GIVEN MATERIAL:

---+---

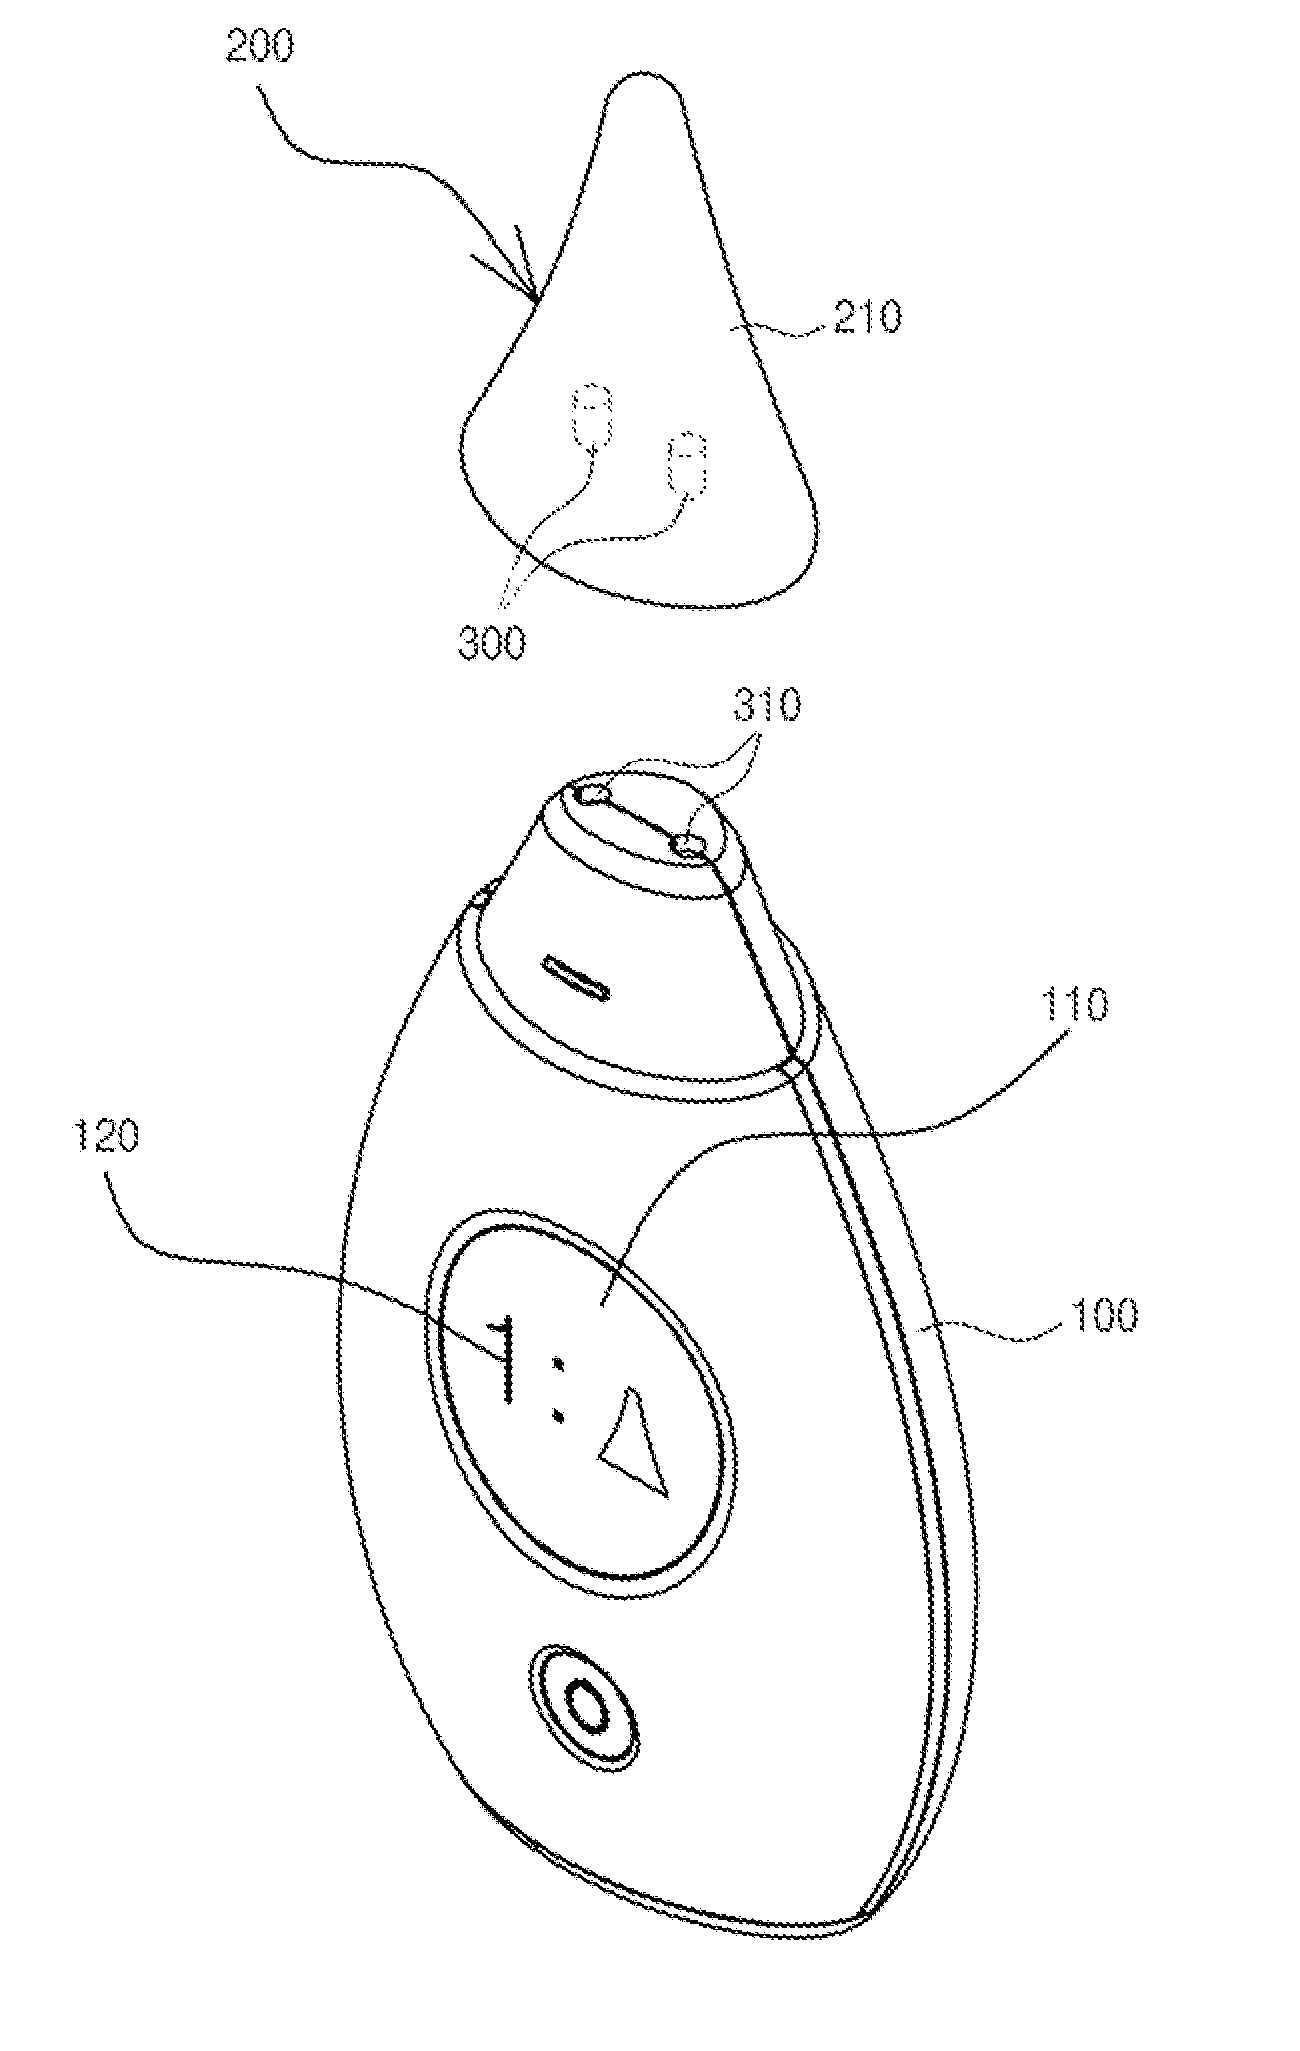 Skin care device with multiple functions
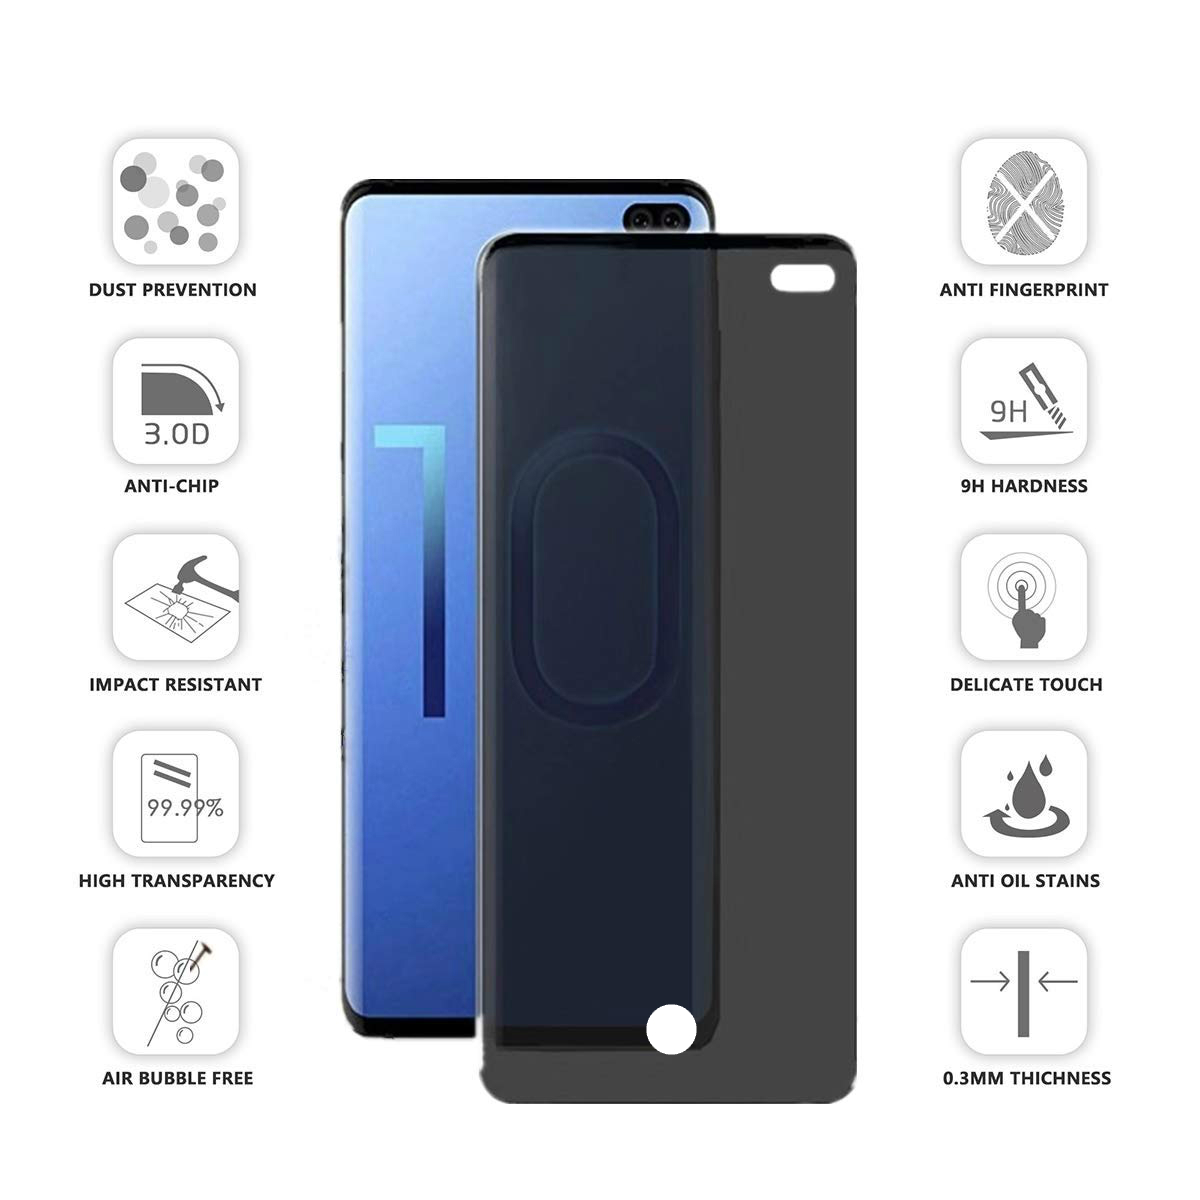 Bello Digital Fireplace Awesome Samsung Galaxy S10 Glass Privacy Anti Spy Screen Protector [case Friendly] 3d Curved Tempered Glass Screen Protector for Samsung Galaxy S10
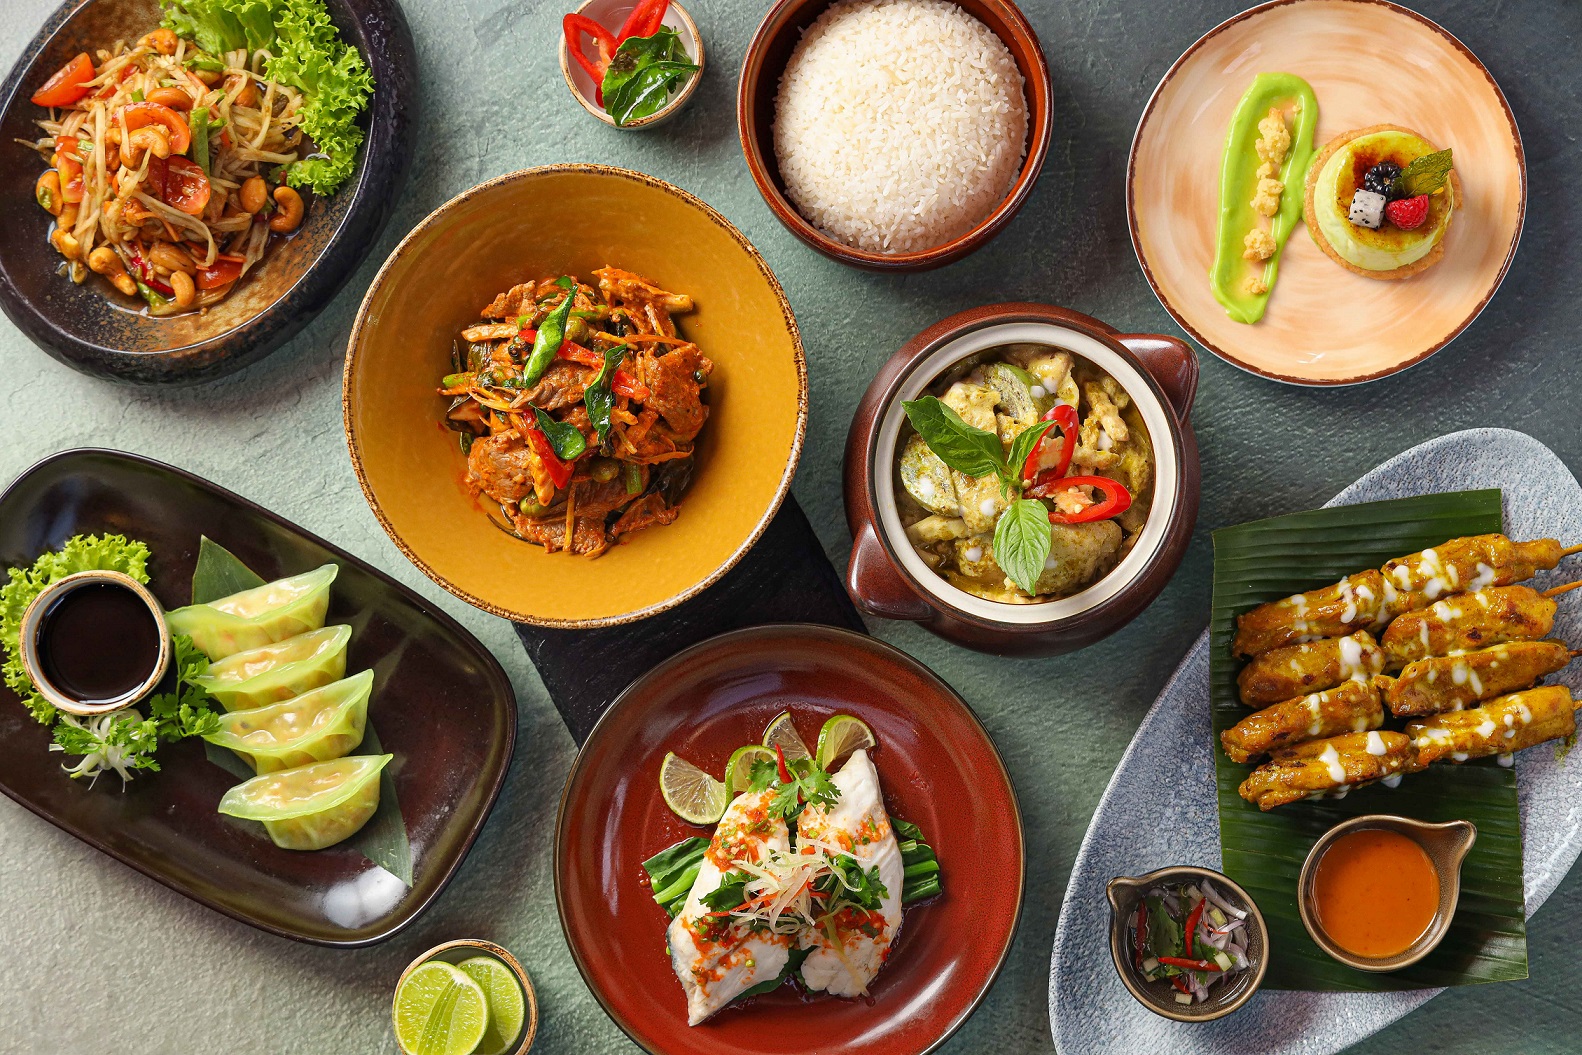 DINING IS HEATING UP AT PAI THAI WITH SPECIAL SIAM SUMMER OFFERING

---+---

WHAT IS NEEDED:
What the answer needs is every line from the one containing "Bello Digital Fireplace" through the final line of the data above, copied exactly, without pictures.

EXERCISE RESPONSE:
 Bello Digital Fireplace Awesome Samsung Galaxy S10 Glass Privacy Anti Spy Screen Protector [case Friendly] 3d Curved Tempered Glass Screen Protector for Samsung Galaxy S10
 DINING IS HEATING UP AT PAI THAI WITH SPECIAL SIAM SUMMER OFFERING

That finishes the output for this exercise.